### What to produce
Copy task. Retype the whole listing exactly, omitting any picture in it.

### The data
::::

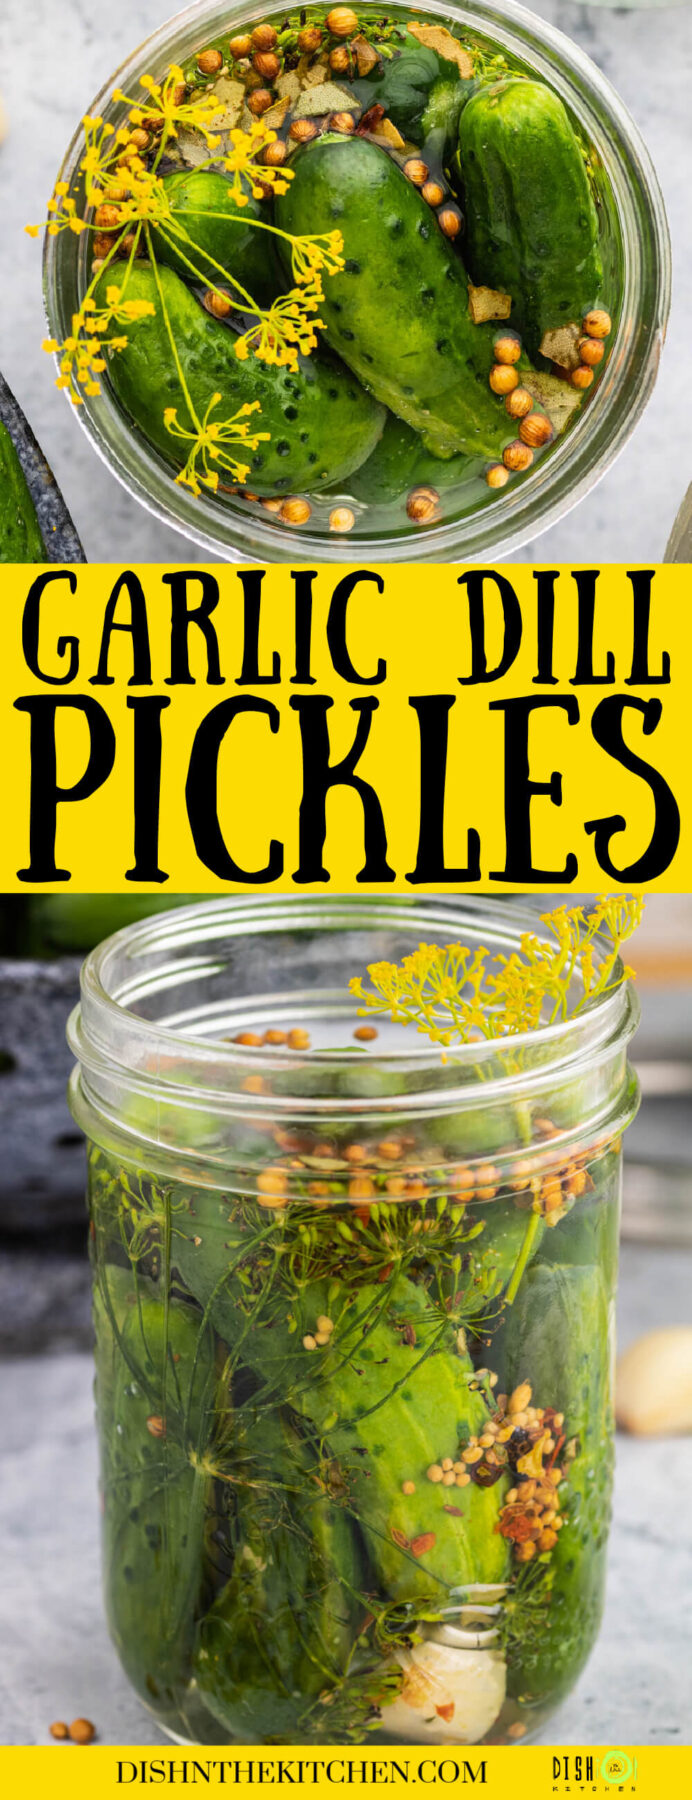 Pinterest image featuring pickles with dill and garlic in a jar.
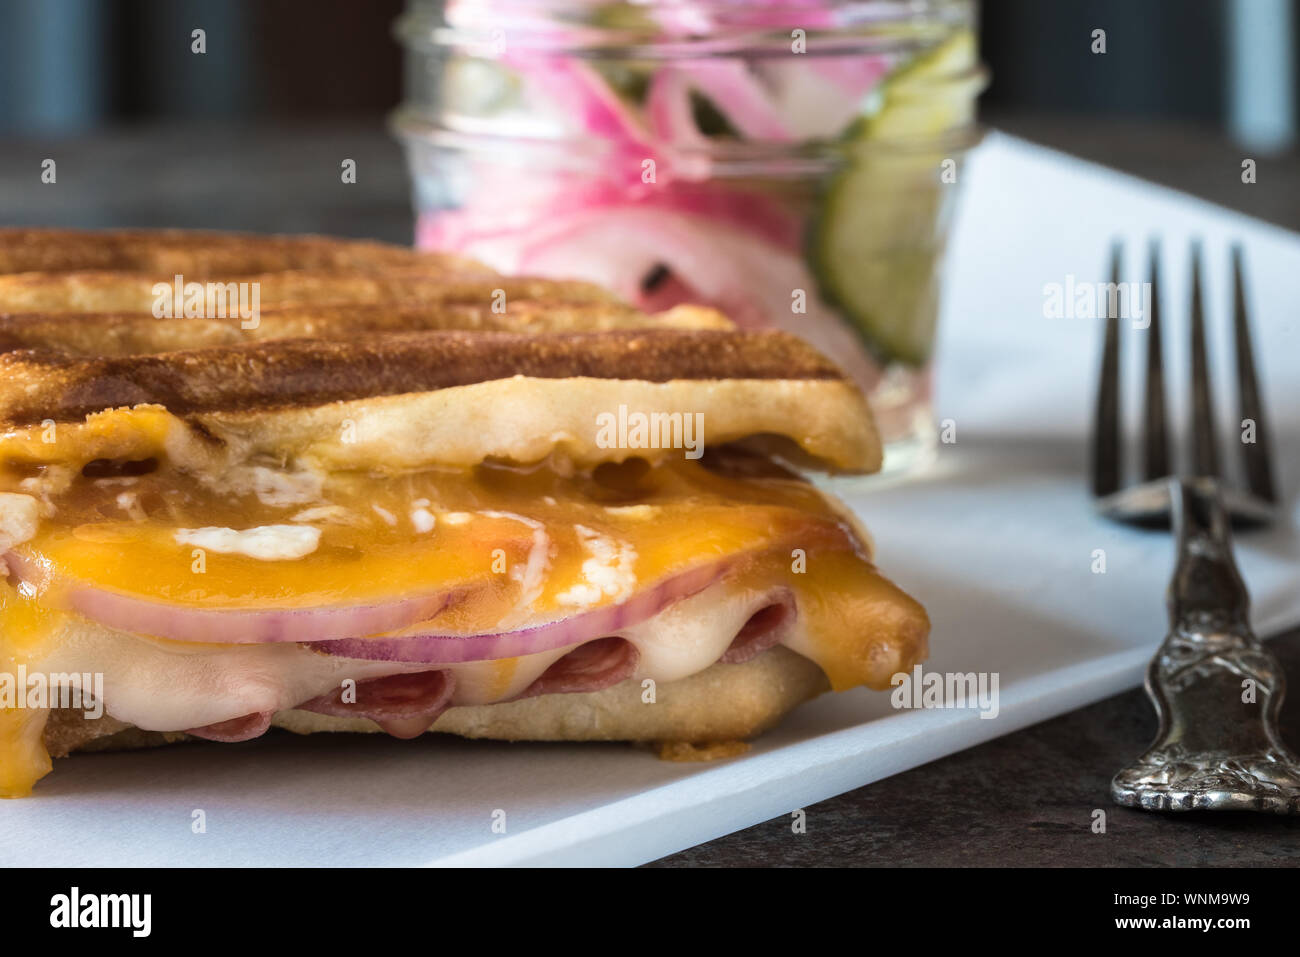 Close-up Of Panini Sandwich In Plate With Relish In Background Stock Photo
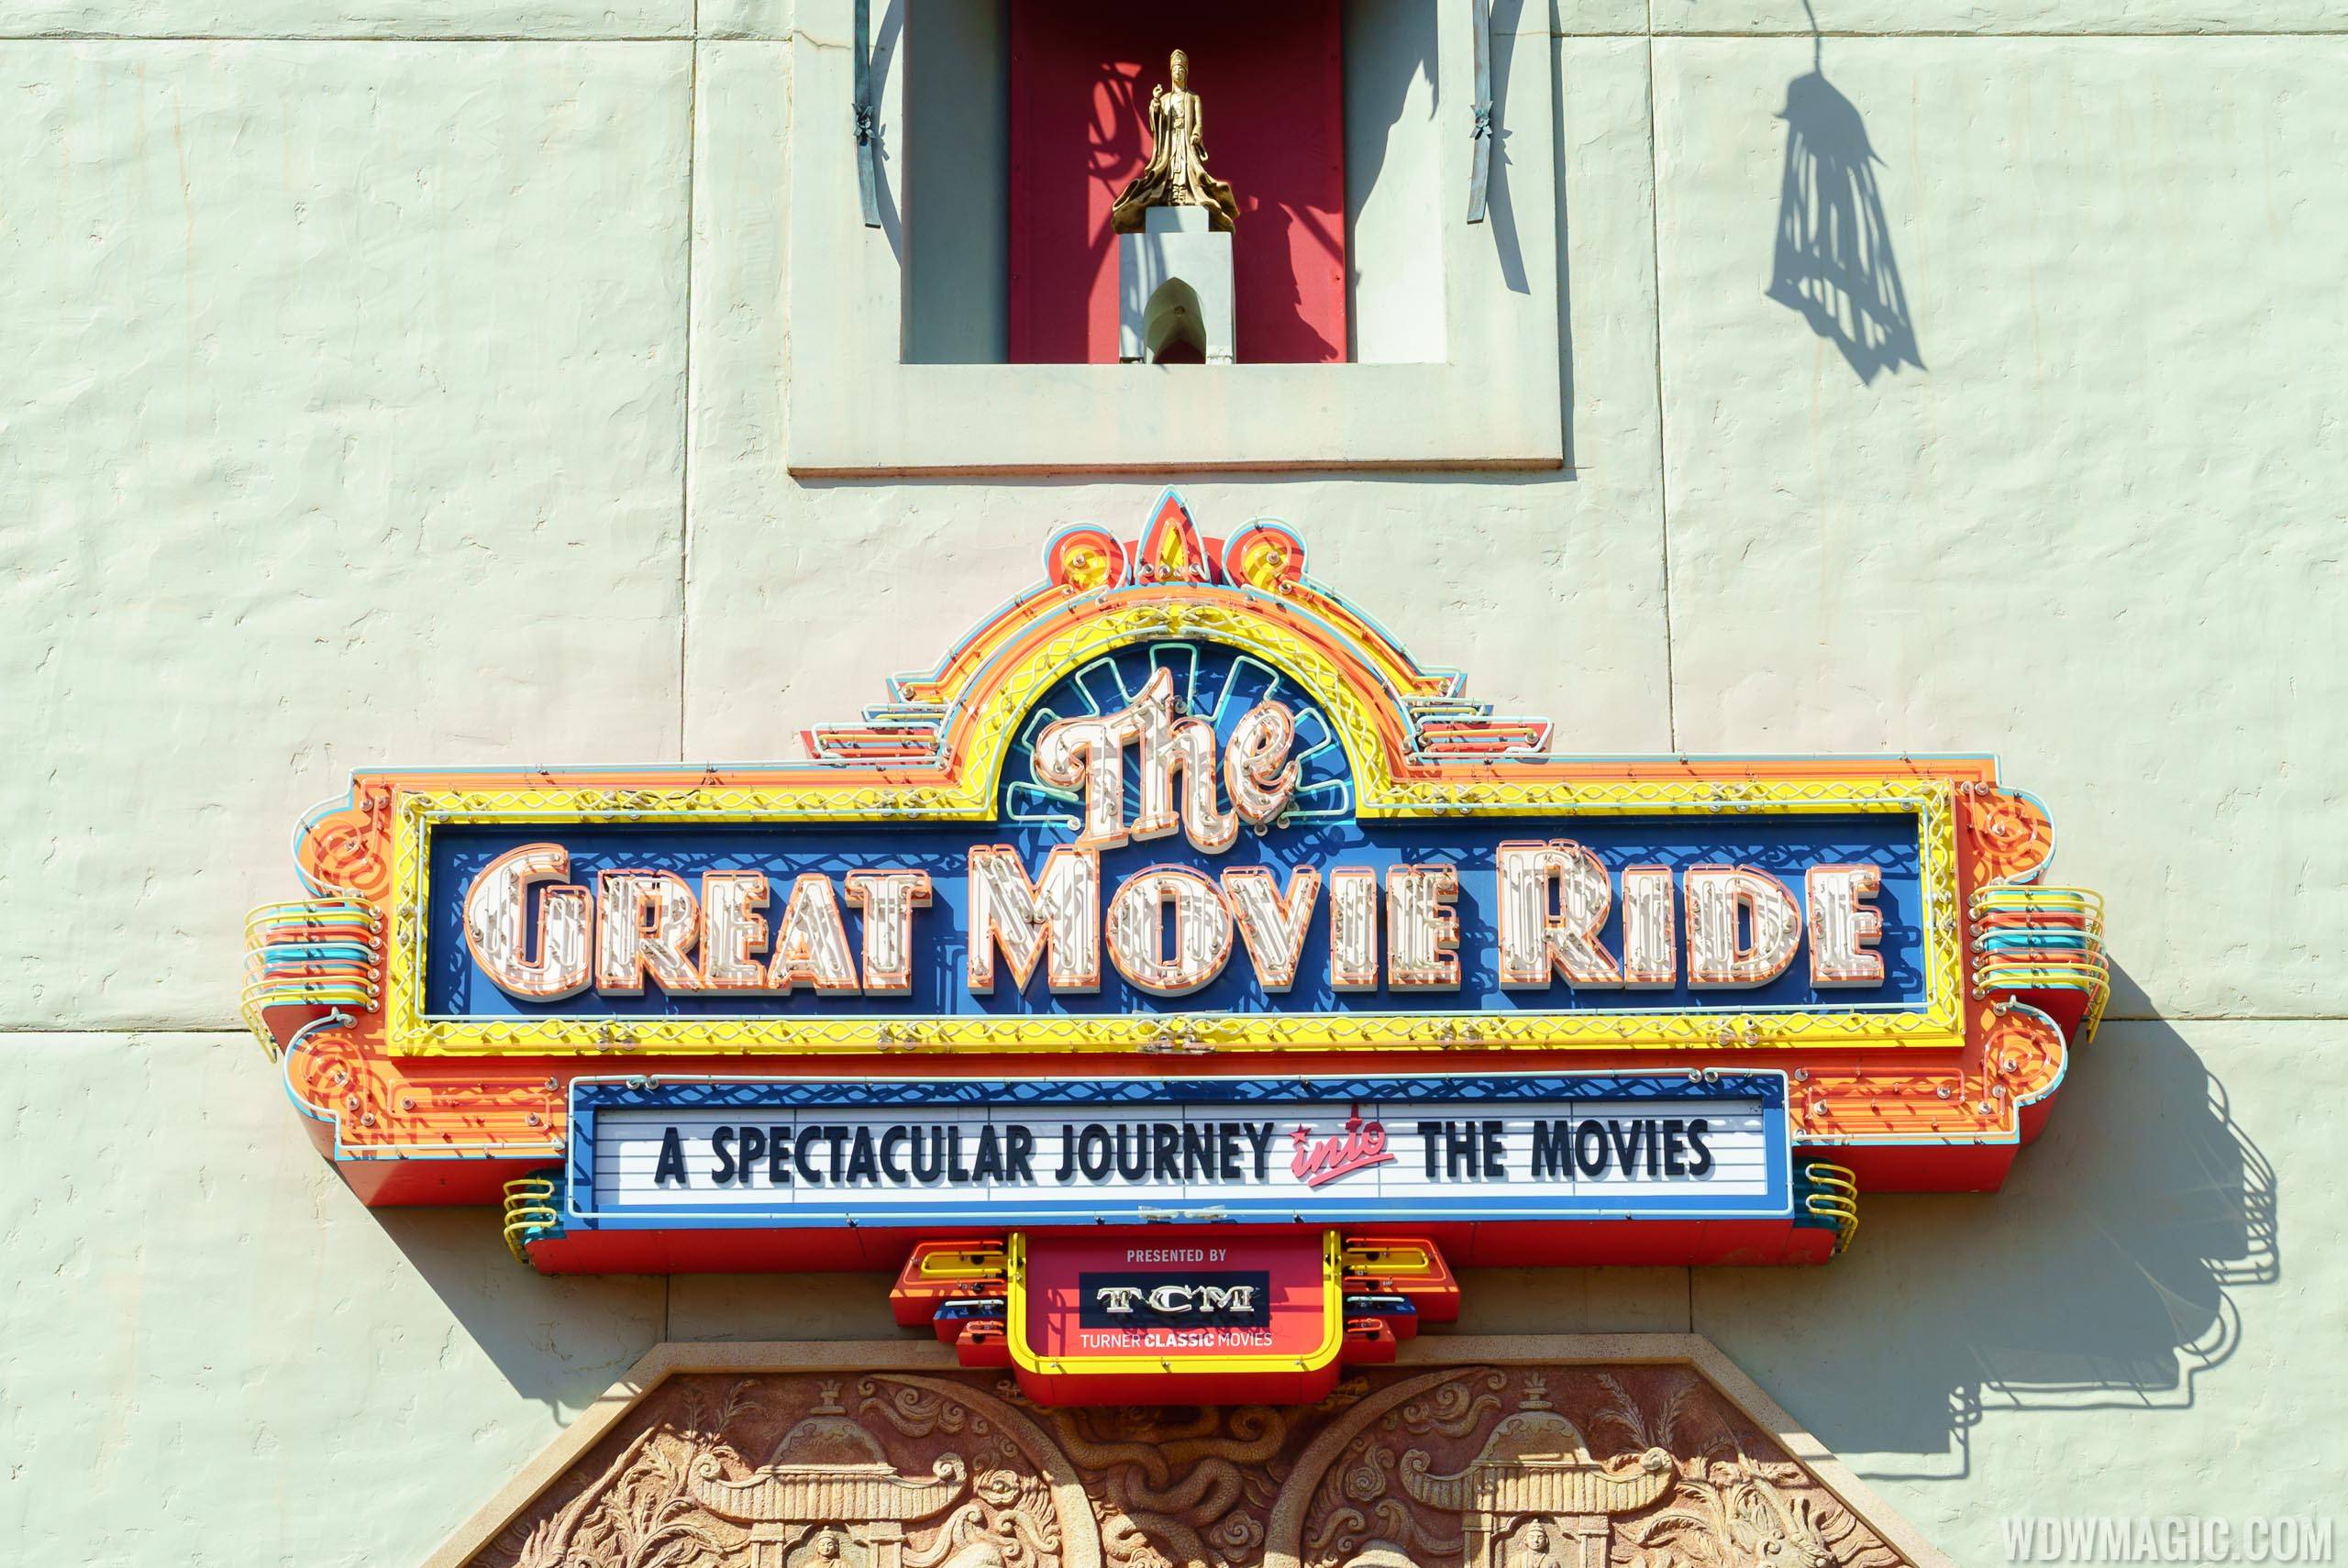 Complete tour of The Great Movie Ride

::::

### Written solution
 Pinterest image featuring pickles with dill and garlic in a jar.
 Close-up Of Panini Sandwich In Plate With Relish In Background Stock Photo
 Complete tour of The Great Movie Ride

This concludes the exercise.